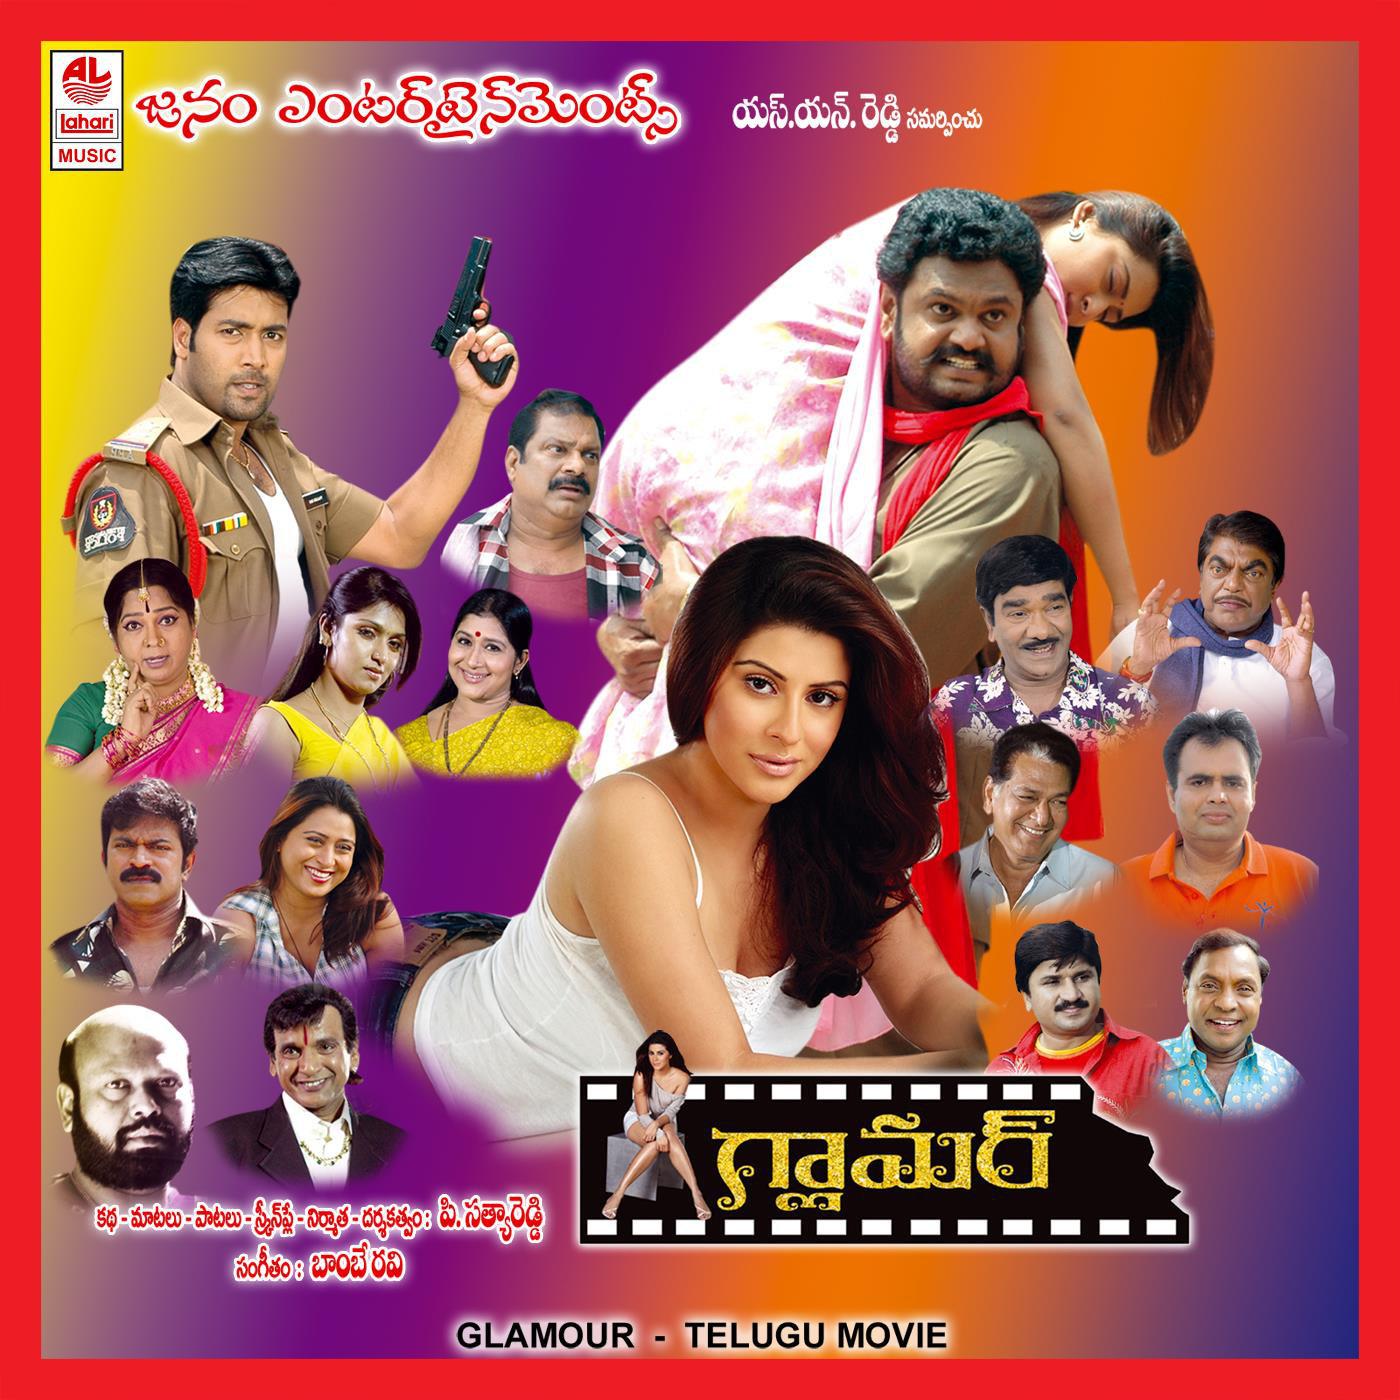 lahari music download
...
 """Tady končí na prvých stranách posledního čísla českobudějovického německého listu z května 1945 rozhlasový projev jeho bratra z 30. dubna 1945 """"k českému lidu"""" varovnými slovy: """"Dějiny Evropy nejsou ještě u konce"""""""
...
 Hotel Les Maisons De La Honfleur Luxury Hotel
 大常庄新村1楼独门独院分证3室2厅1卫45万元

▶ _Task objective_
Look through the data above and return exactly the lines from the one that contains "Hotel Les Maisons" to the one that contains "大常庄新村1楼独门独院分证3室2厅1卫45万元", inclusive, with nothing else.

▶ _Response_
 Hotel Les Maisons De La Honfleur Luxury Hotel
 大常庄新村1楼独门独院分证3室2厅1卫45万元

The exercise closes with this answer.